Notenbanken: Vom Helikoptergeld zur Zinserhöhung

von Christian Nemeth, Gastautor für Euro am Sonntag

Die Politik der wichtigen Notenbanken, die mit ihrem Niedrigzinskurs maßgeblich den Verlauf der vergangenen Wirtschaftskrisen bestimmt haben, scheint derzeit an einem Wendepunkt angekommen. Denn während die Aktionen der Fed auch langsam Wirkung zeigen und hier eine Normalisierung der Politik ansteht, scheinen die bisherigen geldpolitischen Maßnahmen in Japan an ihre Grenzen zu stoßen.

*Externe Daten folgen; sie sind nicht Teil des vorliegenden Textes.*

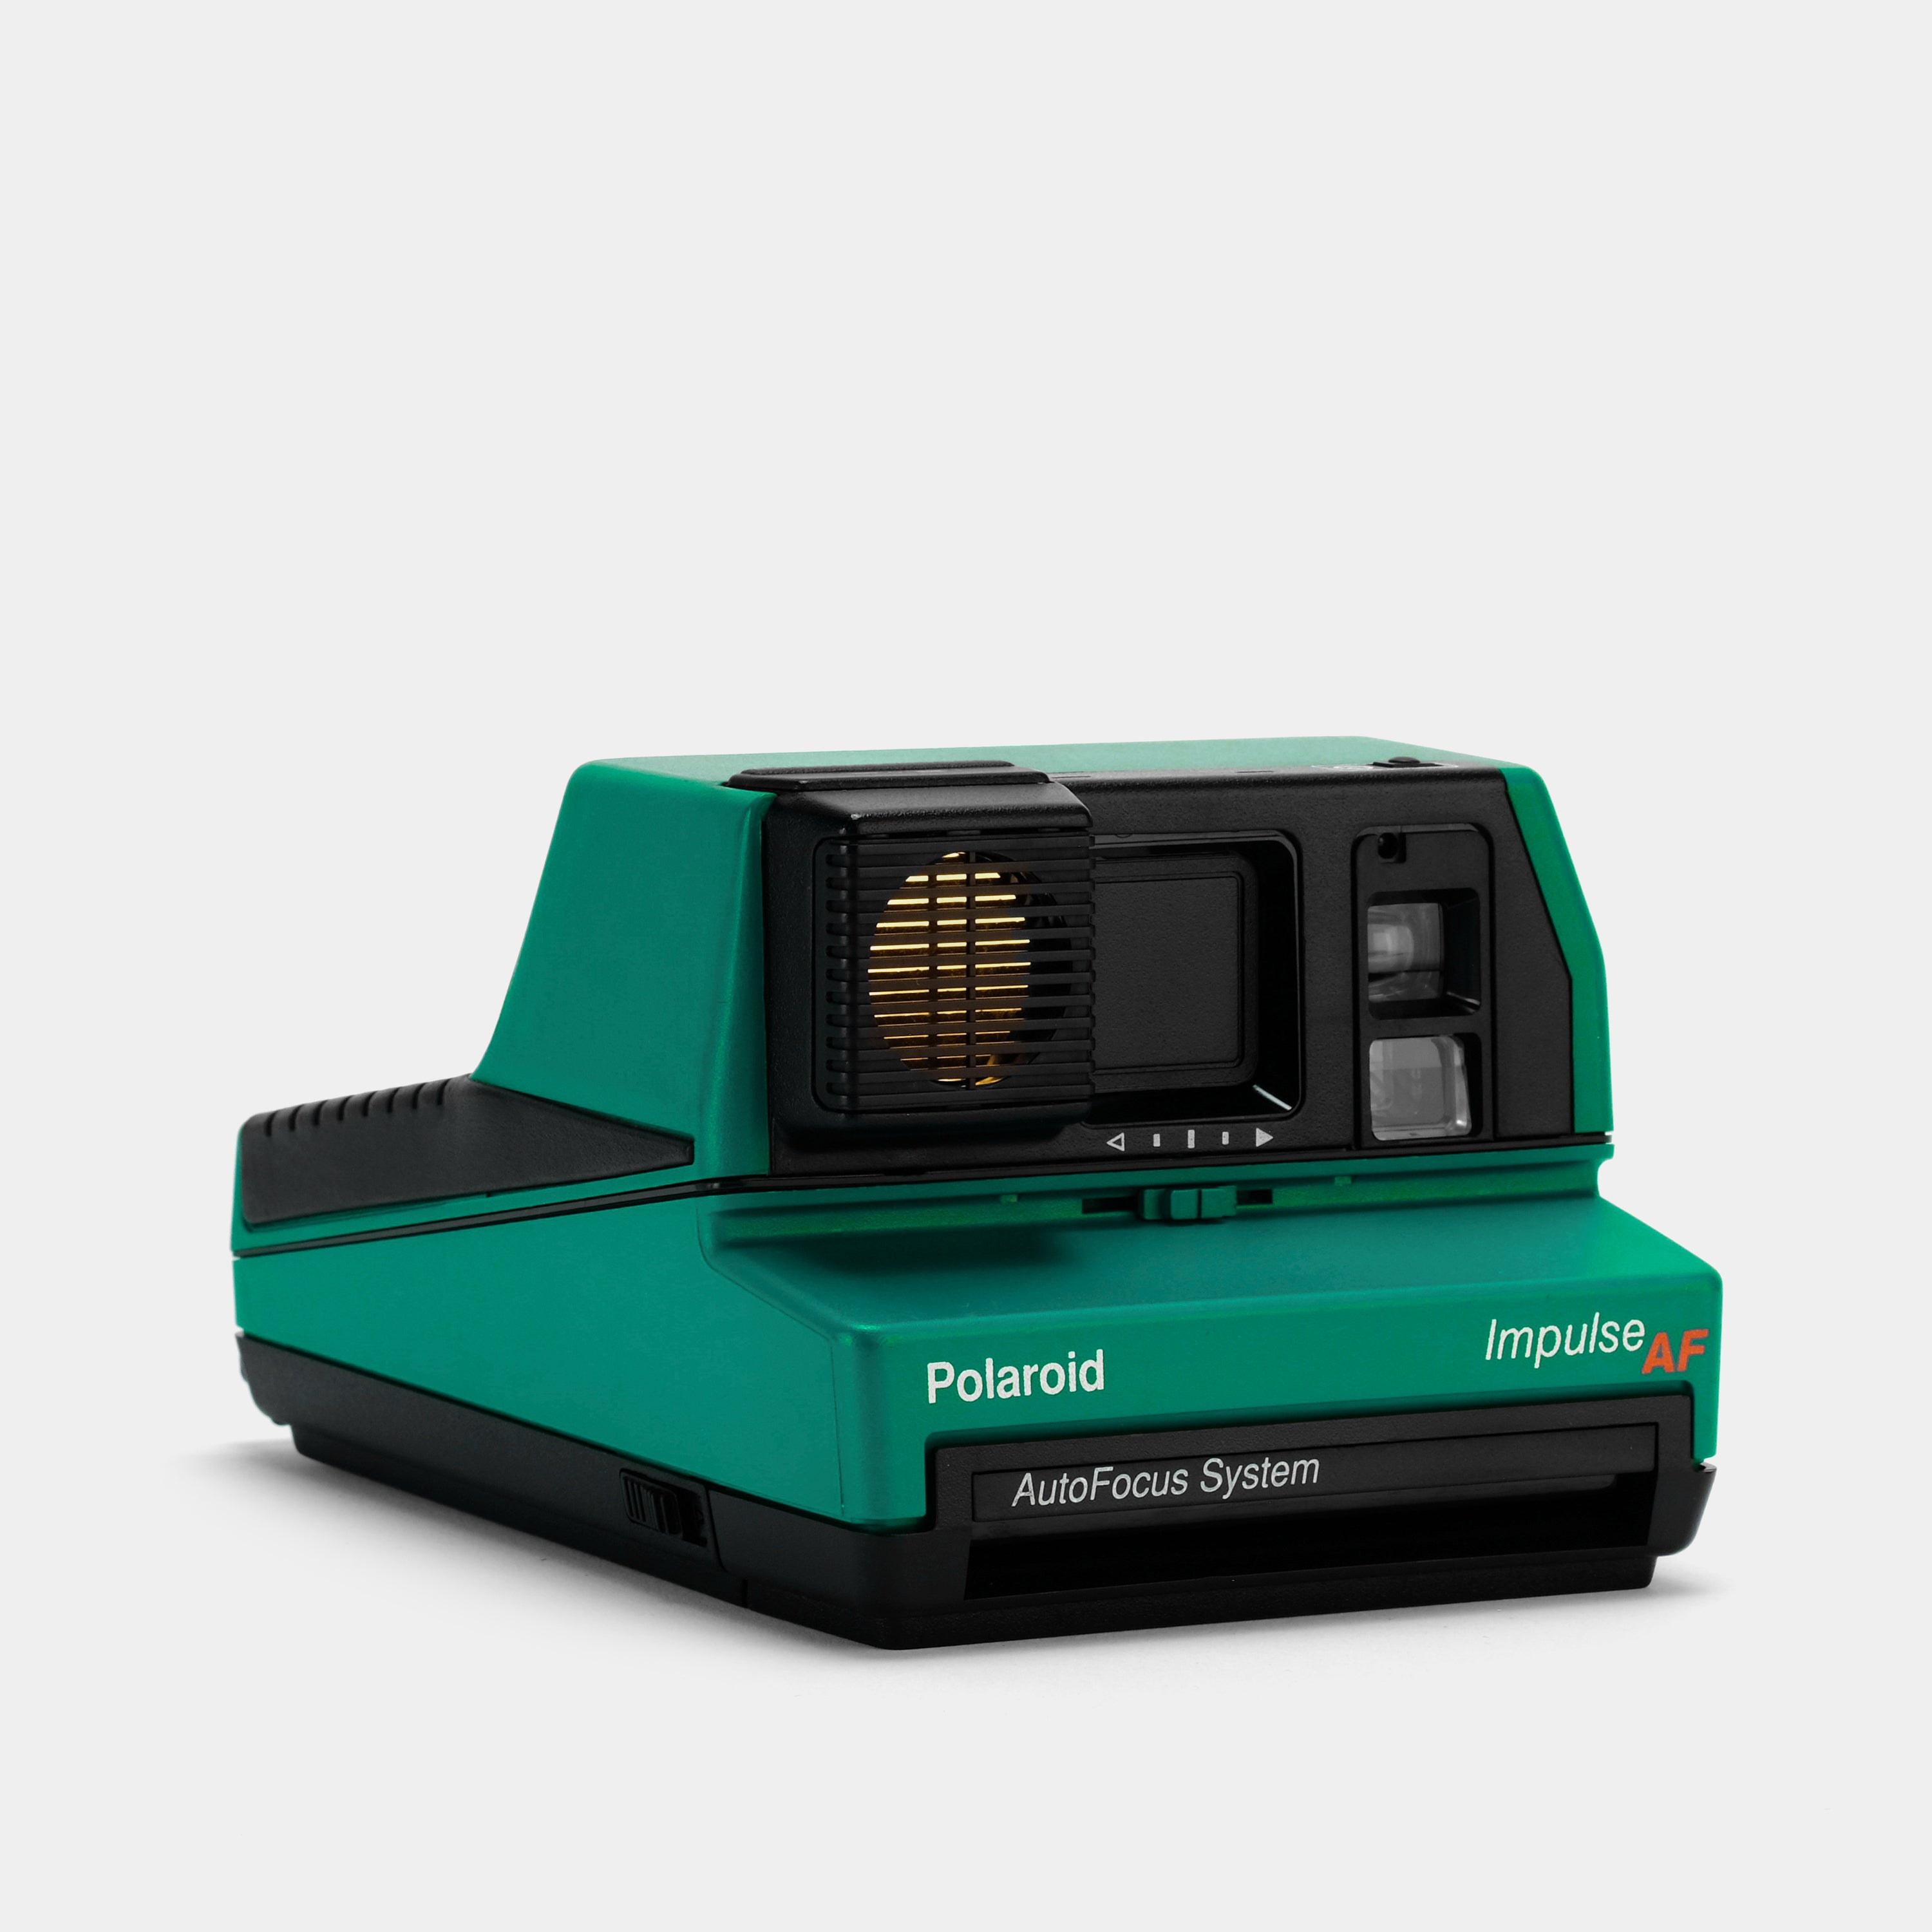 Polaroid 600 Impulse AutoFocus Jade Green Instant Film Camera

Die USA sind 2007 als erstes westliches Land in einen Negativzyklus geschlittert. Damals kollabierte der amerikanische Hypothekenmarkt und löste die weltweite Bankenkrise aus. Zeitlich betrachtet war die Entwicklung in Amerika im Vergleich zur Lage in Europa immer voraus, folgerichtig sind die Ame­rikaner nun auch die ersten, die diesen Zyklus wieder verlassen. Wir sehen in den USA derzeit sehr gute Fundamen­taldaten, beispielsweise vom Arbeitsmarkt, wo kürzlich die Nairu ("Inflationsneutrale Arbeitslosenquote") wieder erreicht wurde, sowie eine solide Inflation, steigende Haushaltseinkommen und robuste Konsumkonjunktur. Diese Faktoren würden eine baldige Zinserhöhung der Fed durchaus rechtfertigen. Eine fällige weitere Erhöhung hat sich bereits wegen der China-Krise Anfang des Jahres und des Brexit-Votums stark nach hinten verschoben.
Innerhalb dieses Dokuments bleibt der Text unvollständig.